Cho shook his head. “Hell of an epitaph.”
“Man’s life in one sentence. Good job, Mr. Jane.”
Rachel stood. “A good job all around. Thank you all. On that note, I think we should all get a little sleep. Austen, are you spending the night?”
“If I do, the cat will never let me hear the end of it. No, I’ll see you tomorrow at the follow-up board meeting.”
“I called everyone and moved it back to eleven.”
“Thank God.” He stood, leaned down to kiss Samantha on the cheek, and said, “You stay off that leg tomorrow—I’ll be in to check on you. Pete’s coming in to cover. You can draft the notices for the bulletin boards and the papers about the job openings.” He shook hands all around, solemnly. Patrick noted that he held Lisbon’s hand a little longer than necessary. “Thank you for the assist. Really appreciate it.”
Faint color came up in her face, but she answered with no sign of embarrassment. “Thank you, Sheriff. Always glad to help out.”
The next morning, they dropped Samantha off at her house so Lisbon could say goodbye one more time. Patrick inserted himself into the good-byes. He waited until Rigsby, Cho, and Grace went back to the SUVs.
He amused himself while Samantha and Lisbon chatted by watching the vigorous repairs.
Two girls and two boys, Sheriff Austen’s adolescent cousins, were scrubbing, putting up drywall, and prepping for new paint. Four adult men—the same ones who’d replaced the glass in town—worked over the windows in the living room.
“I’ll walk you to the door.” Samantha, settled on the sofa, sat up and swung her legs off, then reached for her crutches.
“No, you stay there. You’ve done enough for two days. You should have gone back to the hospital for a day or two,” Lisbon said.
“They x-rayed it, and I’m fine. I just have to heal up.”
Lisbon nodded. She mock-punched Samantha’s shoulder. “You take care of yourself. I don’t want to have to come up here and pull your ass out of the fire again.”
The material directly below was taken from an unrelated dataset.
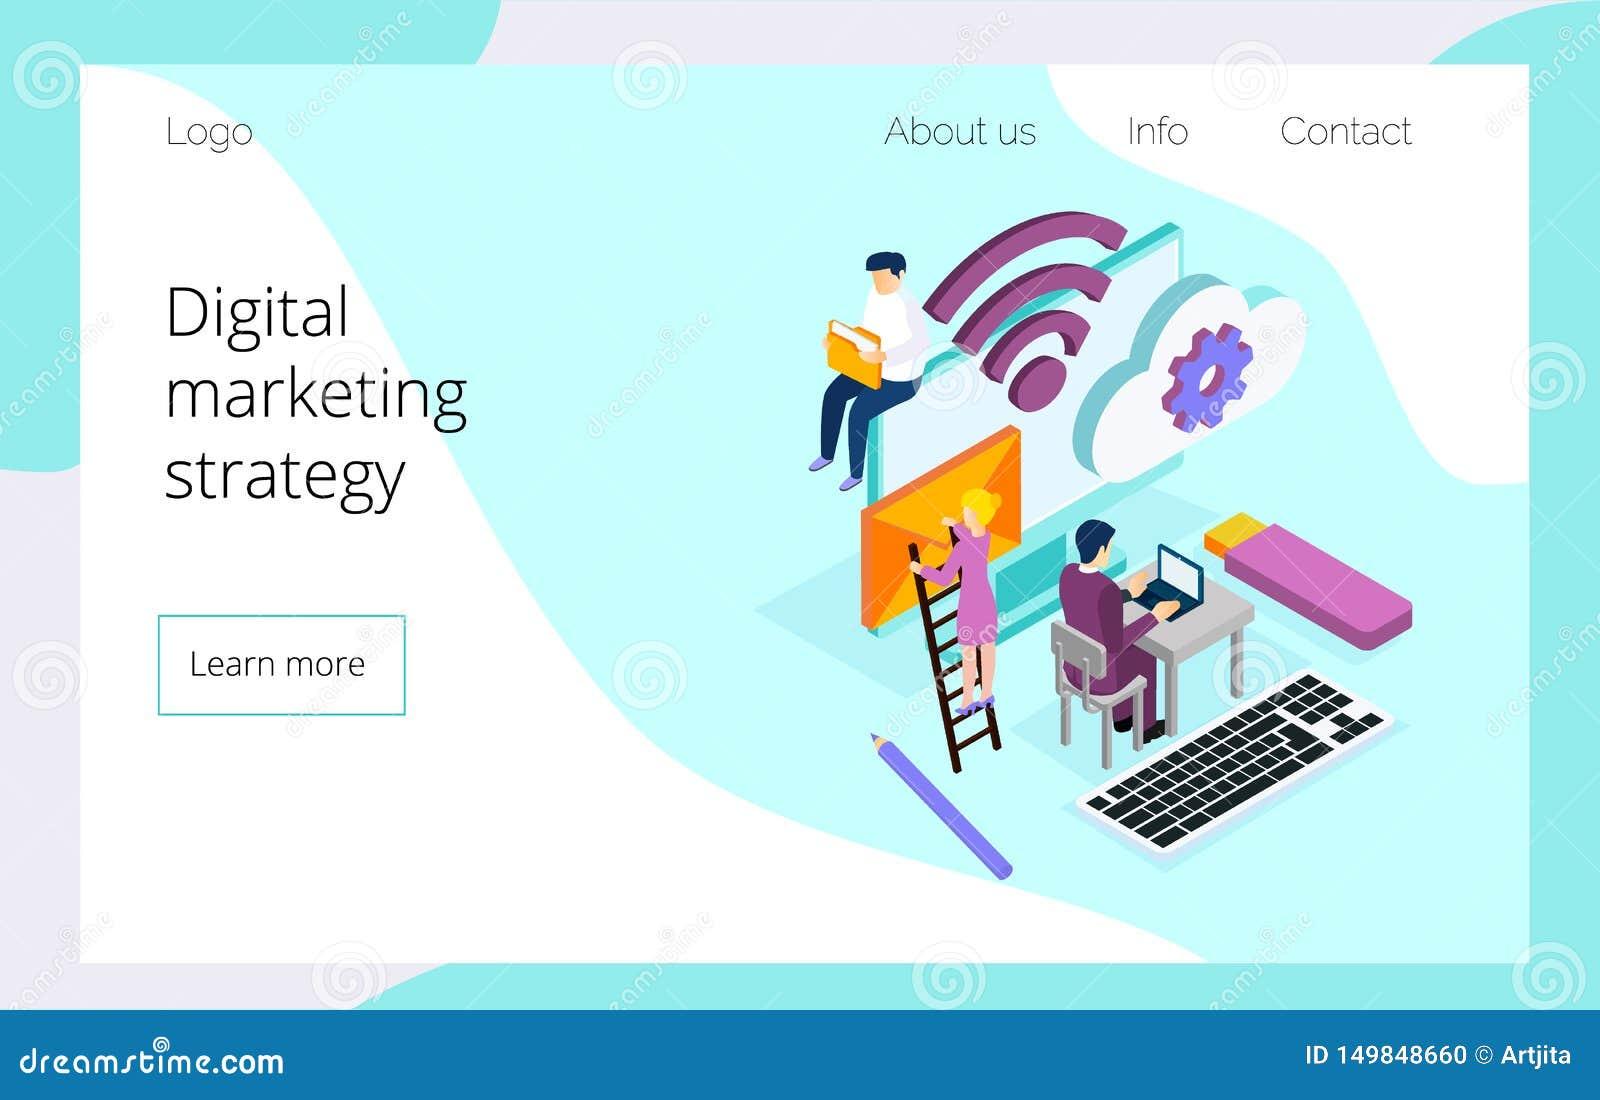 Isometrisch team van specialisten die aan digitale marketing strategie landende pagina werken

Samantha laughed. “Yeah, right. Next time, it’ll be me pulling you out of a snow bank.” Her face turned serious. “Remember, you promised you’d let me teach you to ski.”
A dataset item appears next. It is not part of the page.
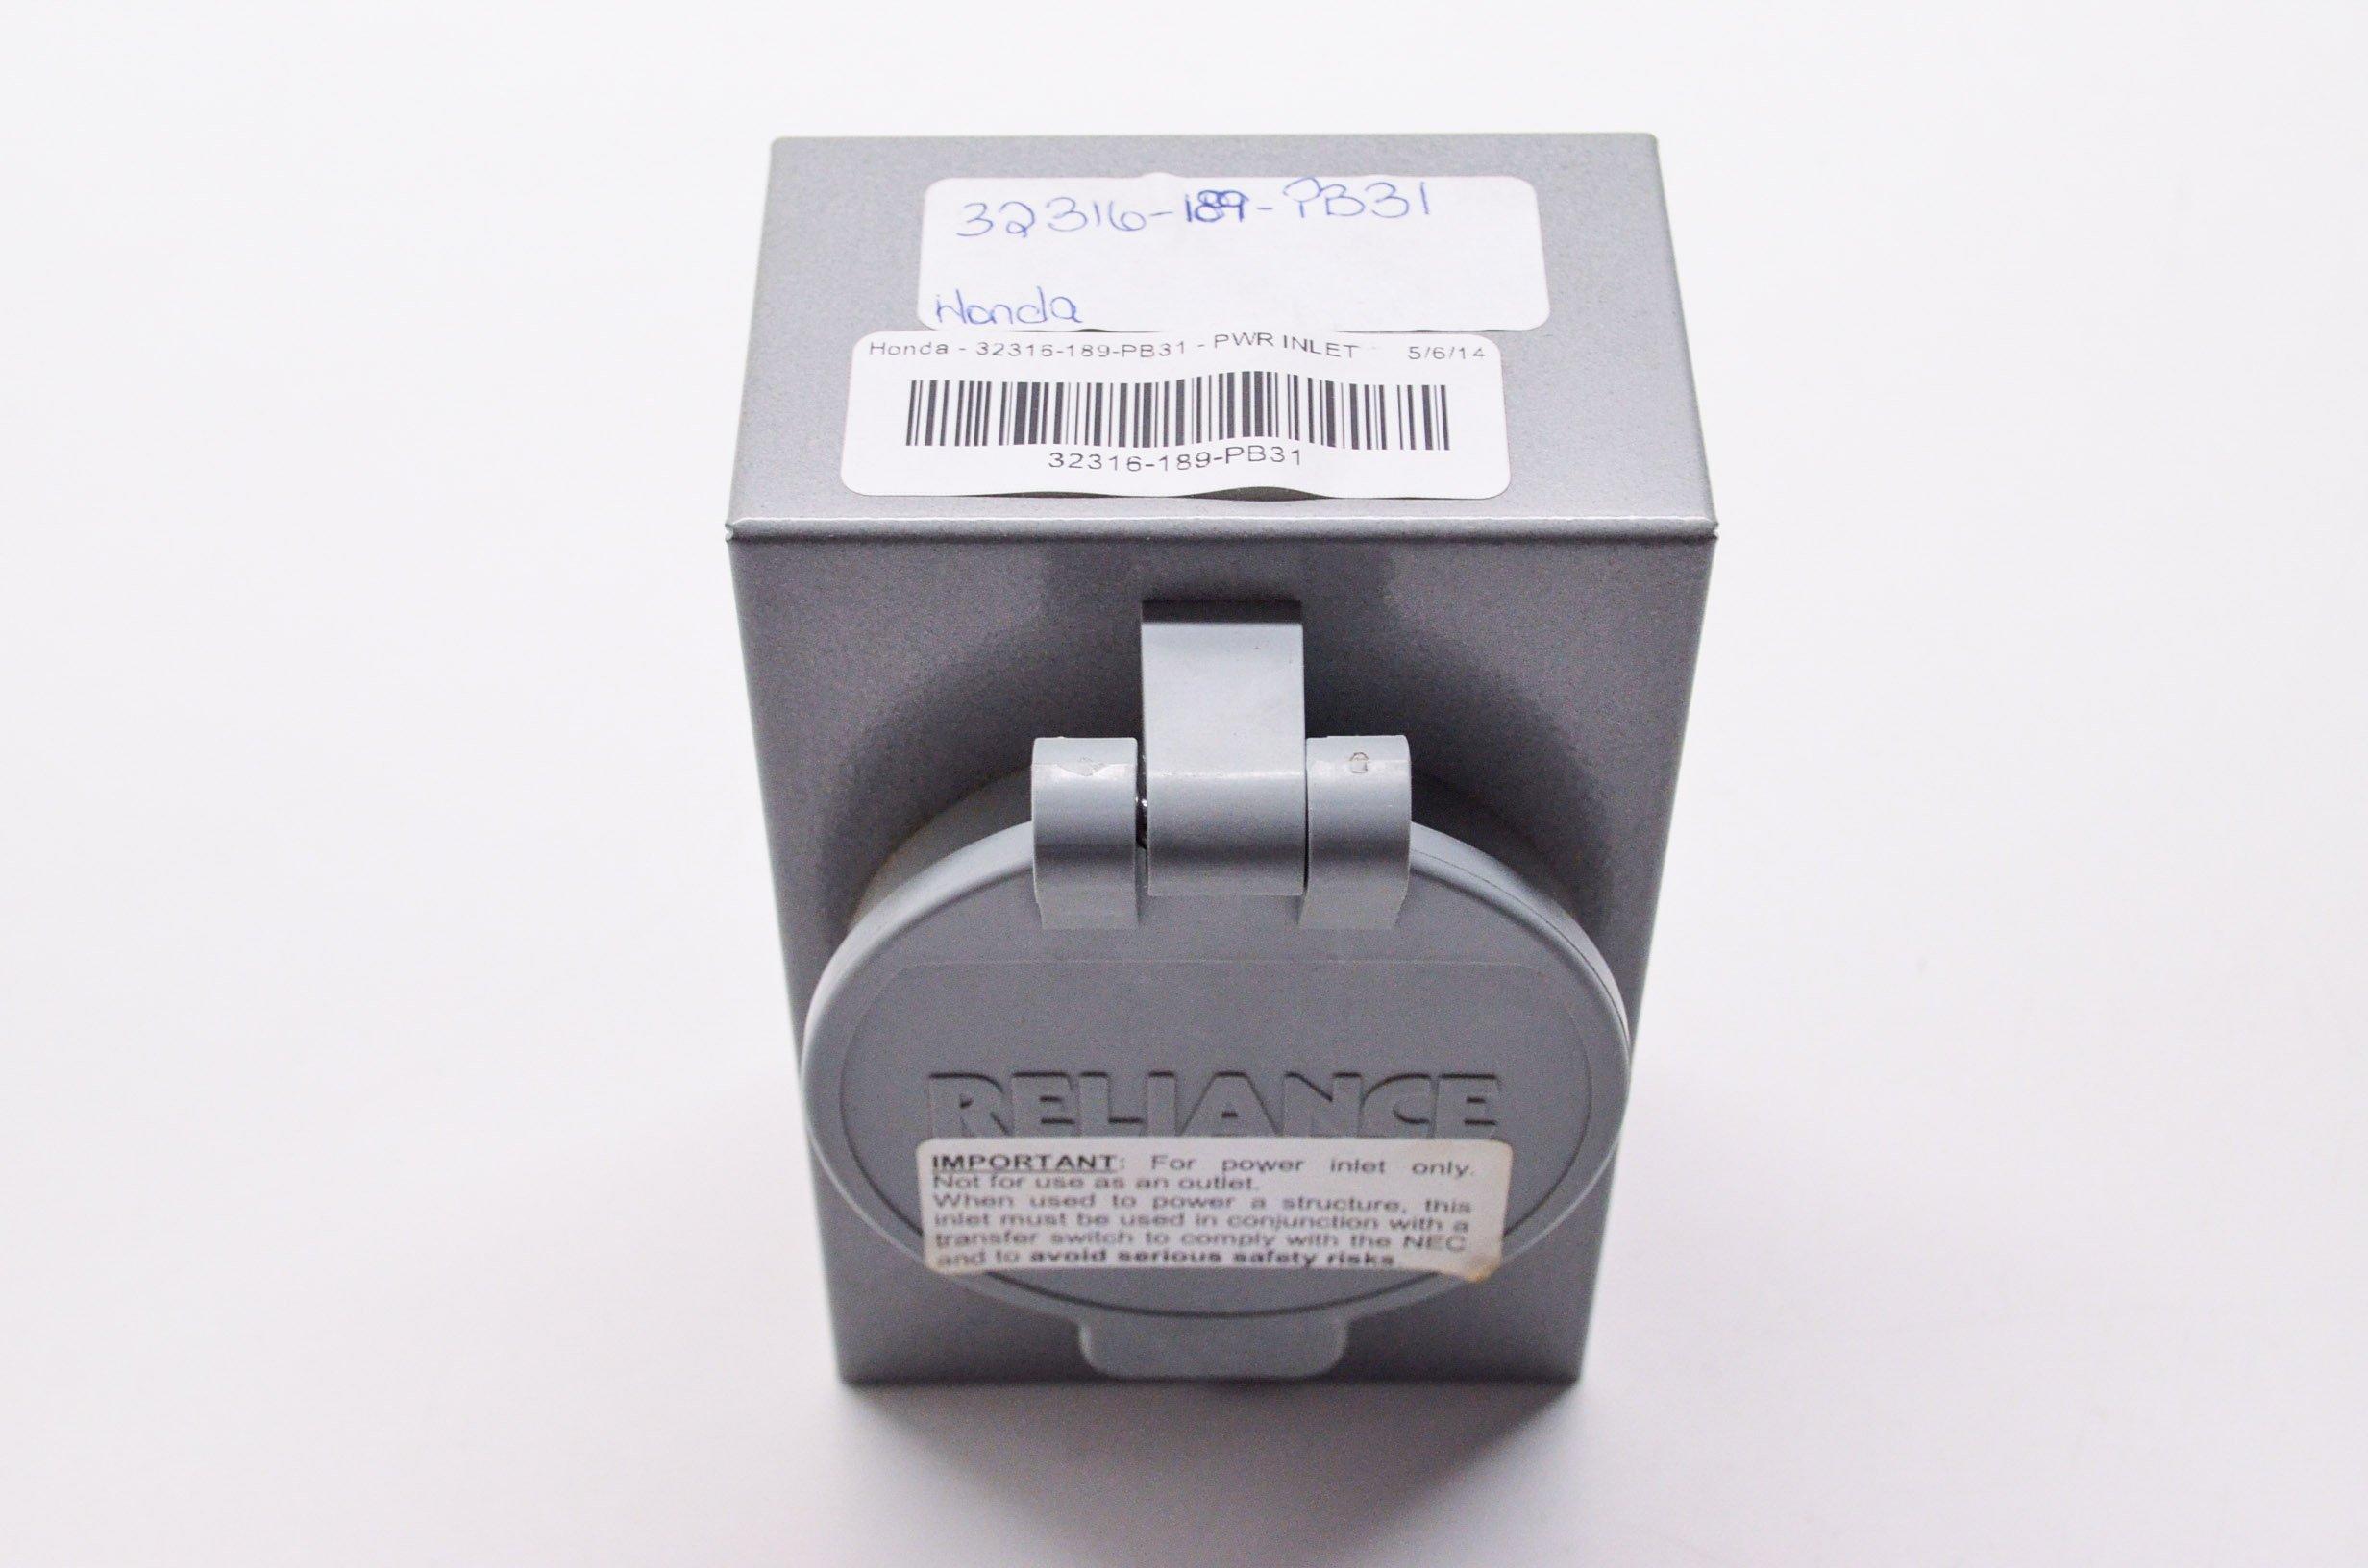 Honda 32316-189-PB31 Pwr Inlet Box,L5-30; 32316189PB31 Made by Honda

“I promise. Next winter, I’ll take a vacation. I could use some peace and quiet.”
“I’m going to hold you to that.”
They smiled at each other.
He turned his back to them. He walked over to the single unbroken window, watching their reflections in the glass. The hypnosis did what it was supposed to do. Give her a few weeks, and that guilt complex should be a thing of her past as well. At least some things came out of this better than they started.
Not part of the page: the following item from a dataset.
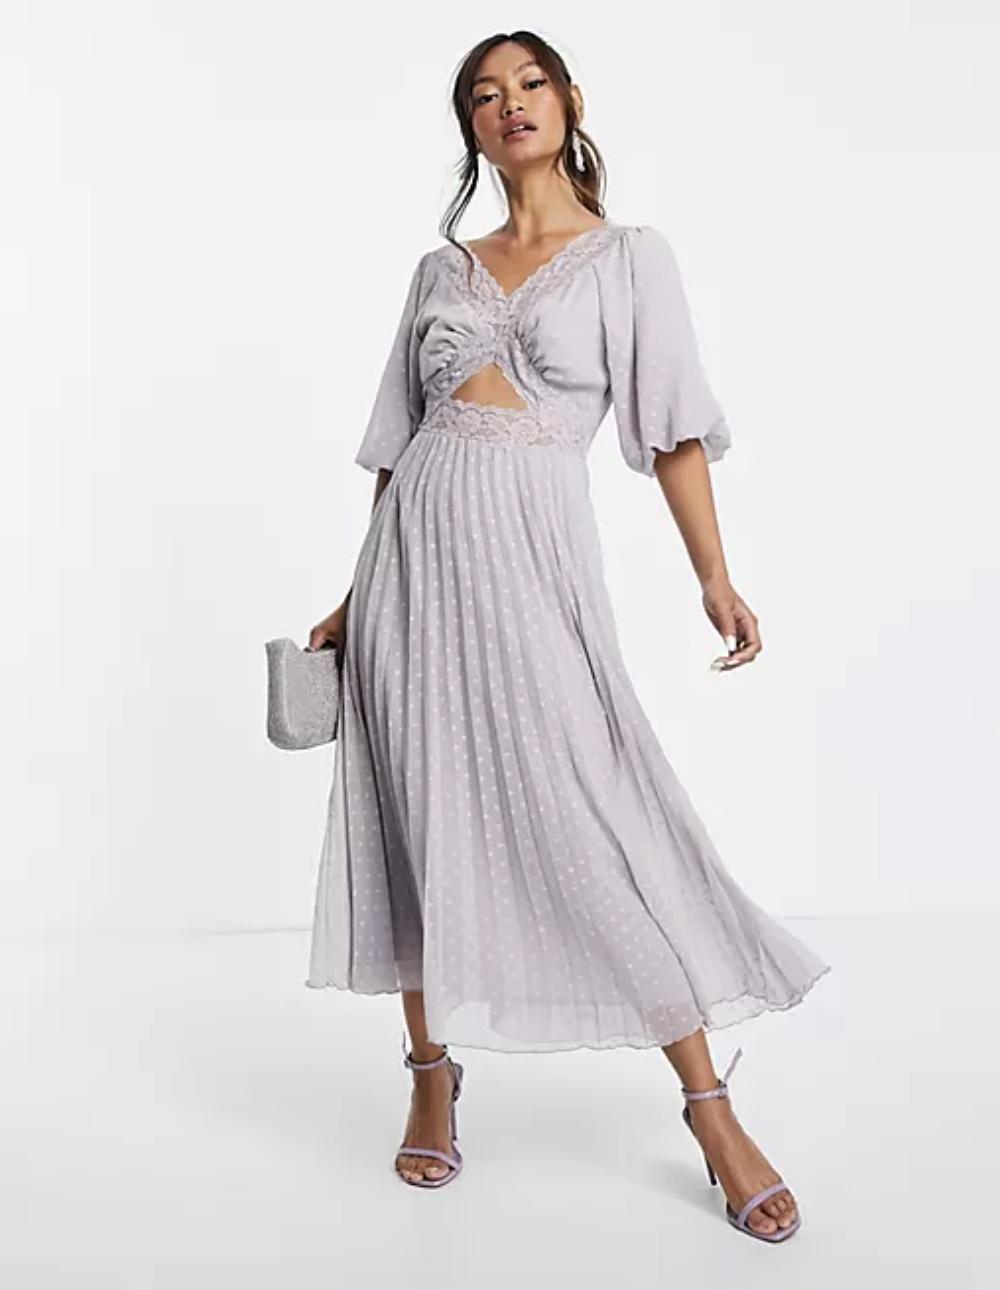 model wearing the lilac midi dress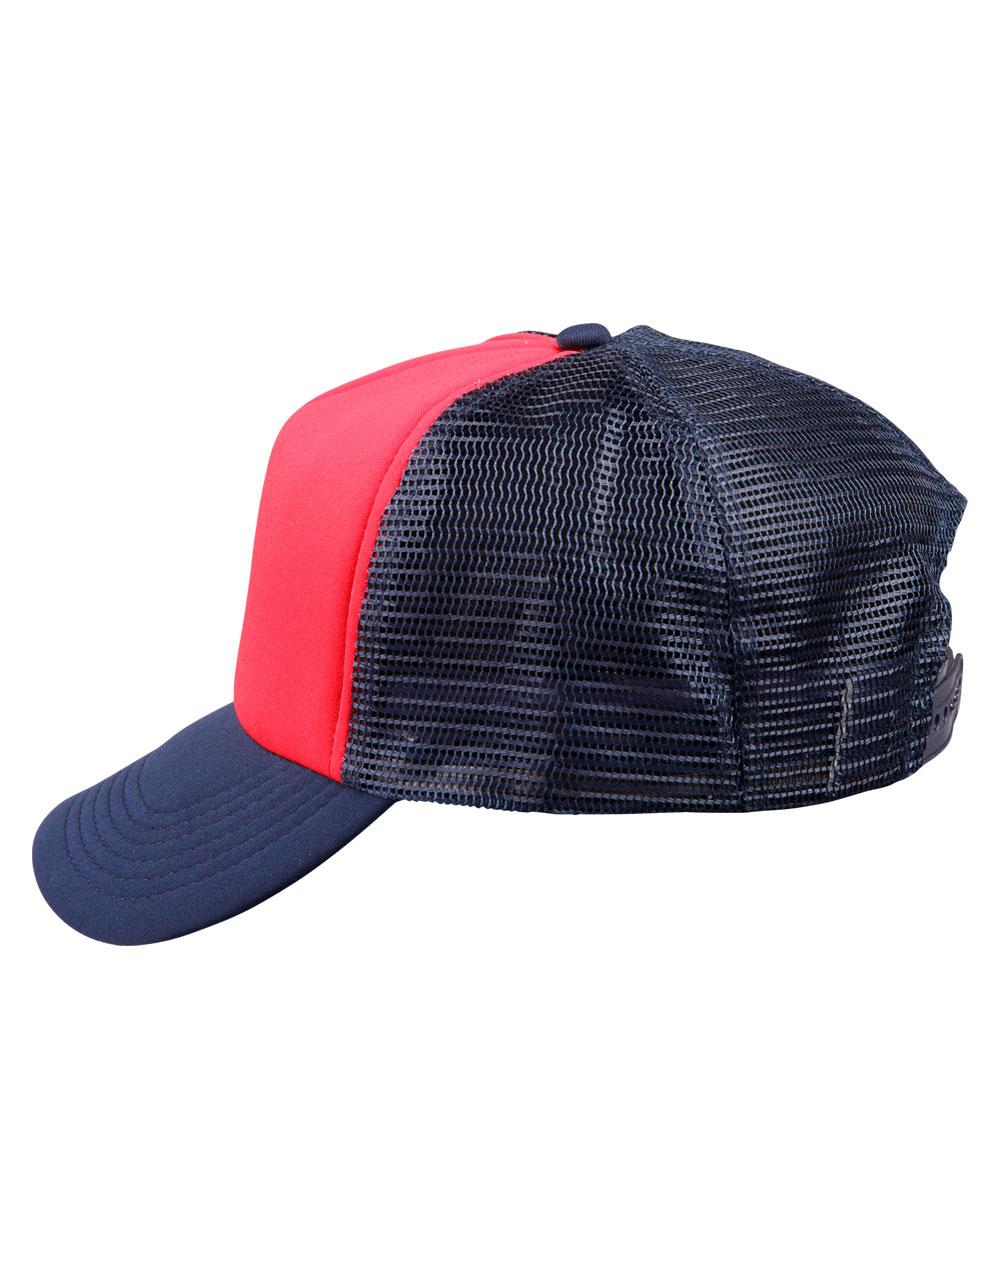 https://s3-ap-southeast-1.amazonaws.com/ws-imgs/CAPS/CH69_Red.Navy_Side.jpg

Samantha started to reach out at the same moment that Lisbon did. They both paused. Then Lisbon stooped and hugged her. After a second, Samantha’s arms wrapped around Lisbon’s shoulders.
“I’ll see you.” Lisbon swung around. At the archway, she paused; from his angle, he saw her drag her hand across her eyes. “Say good-bye and let’s go, Jane. Minelli’s going to be blowing steam when we walk into the office tomorrow.” She walked down the hall. The front door shut behind her.
“Yes, ma’am.” And I still have sleeping pills in the house. I should be able to get some sleep before tomorrow. Patrick stopped to smile down at Samantha. “Well—”
She inhaled. “Patrick. Wait.”
Her expression stopped him. He cocked his head, dissecting her nervousness, her embarrassment, and her determination.
She dug her teeth into her lower lip again, then said, “Kick told me an old Navajo proverb once.”
“What’s that?”
“Coyote is always out there waiting, and Coyote is always hungry.” She frowned at him. “You think about what I said. Take care of yourself.”
He looked away from her, at the men replacing the shattered windows. So easy, to replace things. Outside, Lisbon beeped the Suburban’s horn twice. He stopped at the archway, then turned back to her. “I will. Thank you, Samantha.”
[1] Soren Kierkegaard, “The Concluding Unscientific Postscript to The Philosophical Fragments.”